蝶子把腦袋低得更深了,彷彿即將埋到她那F罩杯的胸口裡。
“不過,我相信四方正在進步,她也會肩負起自己應盡的責任與義務,成長為足夠優秀的人。”
春瀧話鋒一轉,怎奈老夫人並不買賬。
“你相信?你是甚麼人?你有甚麼資格和立場來說這種話?”
事實上,直至現在,他的確尚未能搞清楚自己的資格和立場,但是——
十六歲少年的熱血。
雅學姐冰冷的聲音在腦海中響起,他不再遲疑。
“我喜歡四方,而她也喜歡我。我希望她能過上自己喜歡的生活,想要她能擁有幸福的未來……”他頓了頓,緊接著繼續說道:“……這就是我的立場。”
簡而言之便是一句話——
他和四方的曾祖母與媽媽的立場是相差無幾。
至少三人都是在為了女孩著想,是為了她的幸福而考慮。
“讓蝶子去東京那種充滿罪惡的汙穢之地,相比起所謂的‘幸福’和‘自由’,考慮到安全問題就不可能讓一個女孩子自己去生活。而且,被家族保護得太好的傻瓜,根本不清楚這個社會有多麼險惡,正如同她在卡拉OK遇到的事情。”
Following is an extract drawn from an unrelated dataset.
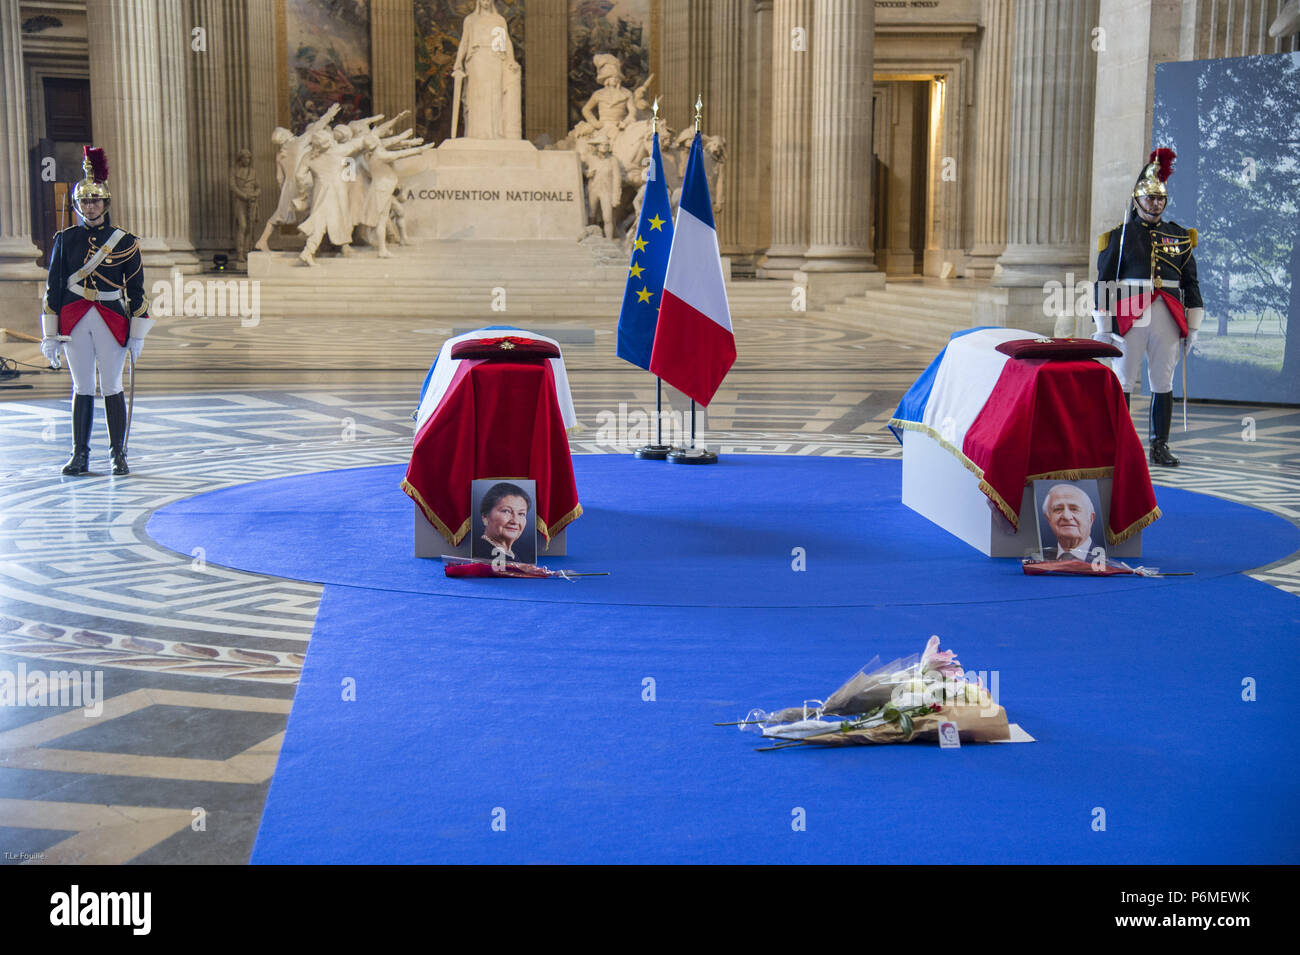 Paris, Ile de France, France. 1st July, 2018. Caskets of the deceased during the ceremony.The burial ceremony of former French politician and Holocaust survivor Simone Veil and her husband Antoine Veil at the Pantheon in Paris. Former Health Minister, Simone Veil, who passed away on June 30, 2017 became president of the European Parliament and one of France's most revered politicians by advocating the 1975 law legalizing abortion in France. Credit: Thierry Le Fouille/SOPA Images/ZUMA Wire/Alamy Live News Stock Photo

“您說的沒錯,但我認為不能因噎廢食。四方她經過先前一事後,肯定有記住那次教訓——她不是會在同一個坑摔倒的笨蛋。更何況,您總不可能保護四方一輩子吧?在京都這裡同樣有著許多犯罪事件,即便比不上東京,也並非不存在。溫室裡的花朵經不住風吹雨打,您將四方關在家裡,或許會使她過上安穩的生活,但人生中往往會有意料之外的萬一,到時候難道也要您和伯母庇護她嗎?”
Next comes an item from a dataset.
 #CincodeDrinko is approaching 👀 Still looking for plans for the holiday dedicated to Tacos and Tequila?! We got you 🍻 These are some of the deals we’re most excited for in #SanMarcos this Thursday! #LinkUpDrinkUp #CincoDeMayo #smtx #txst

如果四方的曾祖母真打算把她一直關在家裡,那春瀧就是真的無話可說了。
不過,好在老夫人顯然也明白這樣做的弊端遠大於益處,直接改變了話題。
“空話說得再多也是毫無用處。不如就打個賭吧。三局定勝負,我給你三次爭取的資格,只要你能讓蝶子三次成功離開翠松園,就算你贏了。我可以再給蝶子一次機會,允許她追求她真正想要的事物。”
老夫人豎起了三根手指。
三次……
春瀧暗暗在心裡嘆了口氣,這想都不用想,之後的四方翠松園,肯定不會像今天這樣近乎於默許似的放鬆警備。
那麼,到時候他該怎麼辦呢?
他倏地發現了不錯的辦法,在深吸一口氣後,用平靜的語氣緩緩說出自己的心思。
“我記得我現在姑且還算是救了四方的恩人吧?那麼,我可以拜託您直接給她一次機會嗎?”
當然,這只是為了提出後續條件而故意抬高的要求,春瀧並不指望對方能夠同意。而事實也正如她所料的一樣,老夫人輕輕敲著茶桌,伴隨著咚咚咚的脆響,說出了拒絕的話語。
“你可以選個別的回報。頂尖大學的指名錄取、進入任何一家本土公司甚至從政後一路無阻的推薦信、或者五十億円的財產也足以讓你無憂無慮度過一生。”
“我不認為四方的幸福和將來是可以用這些東西衡量的,您認為她只值五十億円嗎?”
見春瀧毫不猶豫地拒絕,甚至義正辭嚴地反問,老夫人臉上不由得露出了微笑,雙眼也稍稍撐大了一絲縫隙。
坐在距離春瀧不遠處的蝶子更是可以明顯看到,少女那被紺青色針織棉襪包裹的腳尖部分,這時彷彿想要抓住甚麼似的用力扣向內側,在薄襪毛糙的表面擠出道道溝壑。
“呵,你小子有甚麼要求就直說吧,沒必要在這跟我討價還價浪費時間。”
果然瞞不住對方,他心想,自己在四方的曾祖母這等人面前耍小聰明,當真是小貓見大貓了。
“我希望您能將今天算作第一次。”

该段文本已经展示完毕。